Clustering Ski Resorts

As a really ski fun, I wanted to take a look to what data we have about ski resorts and how we could label it. This a very small project, but also will give me an idea of how complex a project could be and what could be the most difficult steps.

I decided to use the web www.nevasport.com, which have a lot of users to understand what kind of information I could extract about ski resorts and their users. I wanted all this project had to be based on Python. I found an interesting Python module called BeautifulSoup, that together with webdriver allowed me to navigate through the site web pages and extract the information that I wanted. Of course, it would have been much easier if the site could provide APIs to be called and extract information, but that wasn´t the case. Maybe sites like this could start thinking about selling or making their data available for others.

Using those packages, I was able to extract the list of all users, the list of all the ski resorts in the system, how many ski resorts each user had visited and what are the rates for each user for the different resorts visited. This wasn´t a very easy task as I had to consider the format of each page and how the information was displayed in order to extract useful information.

Once the process to extract information was defined, all that info was dumped into flat files in my storage system. This was a time-consuming task as my computer had to browse the entire website. In fact, extracting all that information was the lengthier task in the process.

The next step in the process was to put some order to that data stored in flat files. As I wanted to run some queries against that data, I decided to use containers to bring up a mysql instance and fill a database with the data collected, so I could run some queries to understand better what information we had.

At that site, users can rate ski resorts based on different characteristics, like easy access, freeride areas, easy slopes, family ski, etc… I thought this could be quite interesting in order to classify ski resorts depending on those characteristics.

For example, we could find good resorts for beginners based on the ski resort access, how easy is to reach the beginners areas and if they have good slopes for beginners. With the extracted data, I used sklearn and KMeans to classify the ski resorts based on those characteristics.

The big star represents the centroids for each of the 3 clusters we asked the algorithm to create.

As a note (and I know this will create a lot of controversial opinions), these are the top 5 ski resorts on the top cluster with the number of visits from nevasport users, and the average rating (from 0 to 1):

                          resort  num_visits       avg
0                   Cerro-Castor          57  1.000000
1               Teide-Ski-Resort         229  0.933333
2                     Courchevel         437  0.900000
3                      Candanchu        1589  0.896296
4           Vallnord-Pal-Arinsal        1027  0.888889
5                      La-Molina         879  0.868254

Top five in the middle:

              resort           num_visits       avg
0             Vallnord        1018            0.760000
1             Formigal        2163            0.749351
2             Masella         885             0.748148
3             Vallnord-Ordino-Arcalis        1001  0.746667
4             Val-Thorens     582             0.733333

And top five on the low one:

          resort  num_visits       avg
0        Soelden         172  0.666667
1         Tignes         708  0.666667
2         Ischgl         261  0.533333
3       Tavascan         122  0.466667
4  Vall-de-Nuria         253  0.400000

A more interesting classification for ski fans is the ski resorts that are good for experts. In order to do that I used two metrics, slopes for experts and freeride areas.

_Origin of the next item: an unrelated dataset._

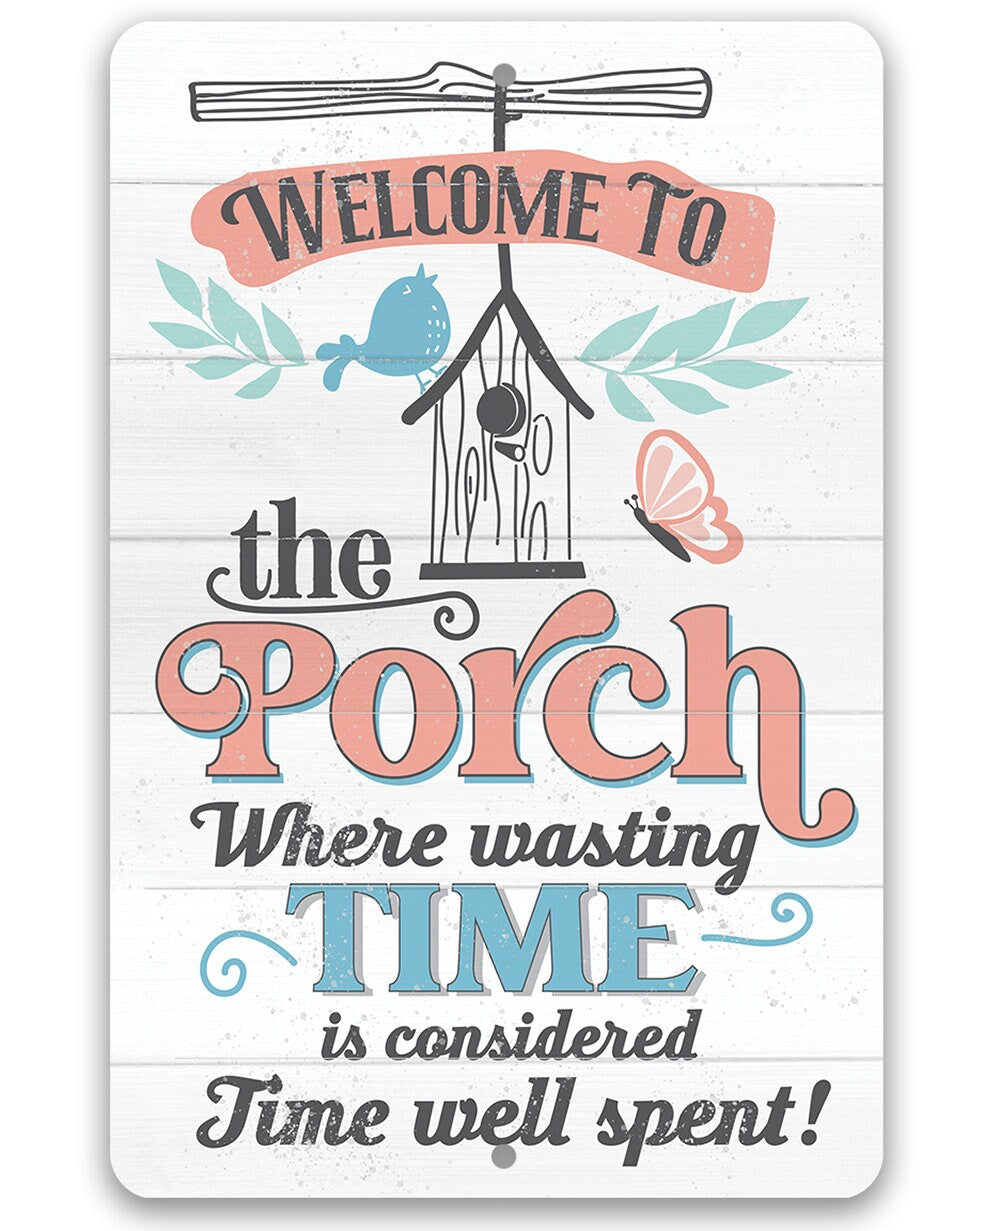 Welcome to the Porch Where Wasting Time is Considered Time Well Spent - Metal Sign Metal Sign Lone Star Art 
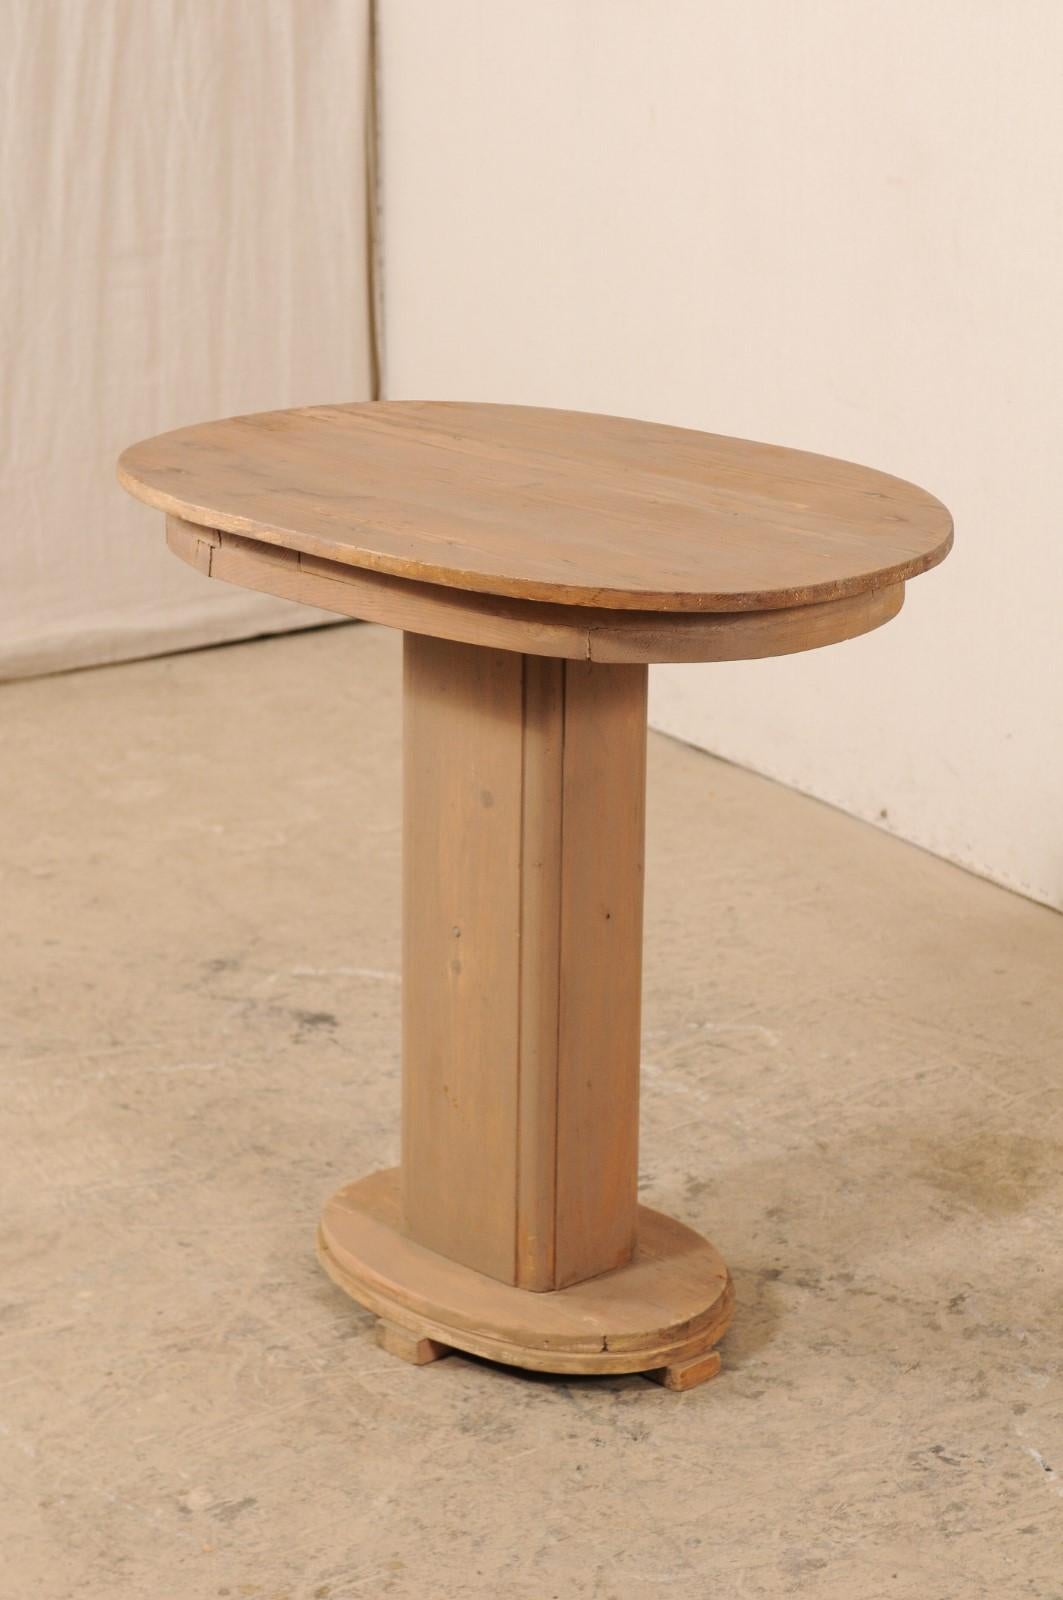 French Mid-20th Century Painted Wood Oval Top Pedestal Table In Good Condition For Sale In Atlanta, GA

This is the initial data without being labeled:

When applying the KMeans algorithm to create three clusters, this is how it looks like with their centroids:

These are the ski resorts on the top:

                                 resort  num_visits       avg
0   Aspen-Snowmass-Highlands-Buttermilk          98  1.000000
1                           Val-Thorens         582  1.000000
2                           Val-d-Isere         555  1.000000
3                      Teide-Ski-Resort         229  1.000000
4                    Stubaier-Gletscher          95  1.000000
5                              Snowbird          34  1.000000

Ski resorts in the middle:

                  resort  num_visits       avg
0                 Cerler        1732  0.853333
1         Los-Penitentes          27  0.850000
2            Grandvalira        2130  0.830285
3    Fuentes-de-Invierno         304  0.814286
4                  Astun        1625  0.807516

And the ones on the low:

                resort  num_visits       avg
0           Javalambre         400  0.611905
1            Zillertal         104  0.600000
2            Port-Aine         592  0.580952
3      Sierra-de-Bejar         462  0.580000
4           San-Isidro         601  0.564286

The most interesting part of this project is to use Python libraries that make extracting and analyzing information very easy. Around 20 years ago, I spent several months programing algorithms to do things like this, while nowadays with a few lines of code I can run the KMedias algortithm:

# Number of clusters
kmeans = KMeans(n_clusters=3)

# Fitting the input data
kmeans = kmeans.fit(X)

# Getting the cluster labels
labels = kmeans.predict(X)

# Centroid values
C = kmeans.cluster_centers_

As a summary, this is the workflow to extract, classify and analyze the information:

Some lessons learnt is that extracting data can be a complex task. I just used one web site, but there are many more sites available in the world with useful data. Same thing happens with data sources for any company or business. Normalize that data can be a very time consuming as each source will represent data with different formats and metrics.

Another point is how to manage that data. This was a small project with a very small data footprint. But real enterprise project will require storing large amounts of data and making it accessible to all different users that will be running different projects with that same data. Here containers is a very interesting tool, but also you have to make sure the storage subsystem will be able to provide the speed needed and the flexibility to share that data across all users.

And now, let´s snow!!!!

Carlos.-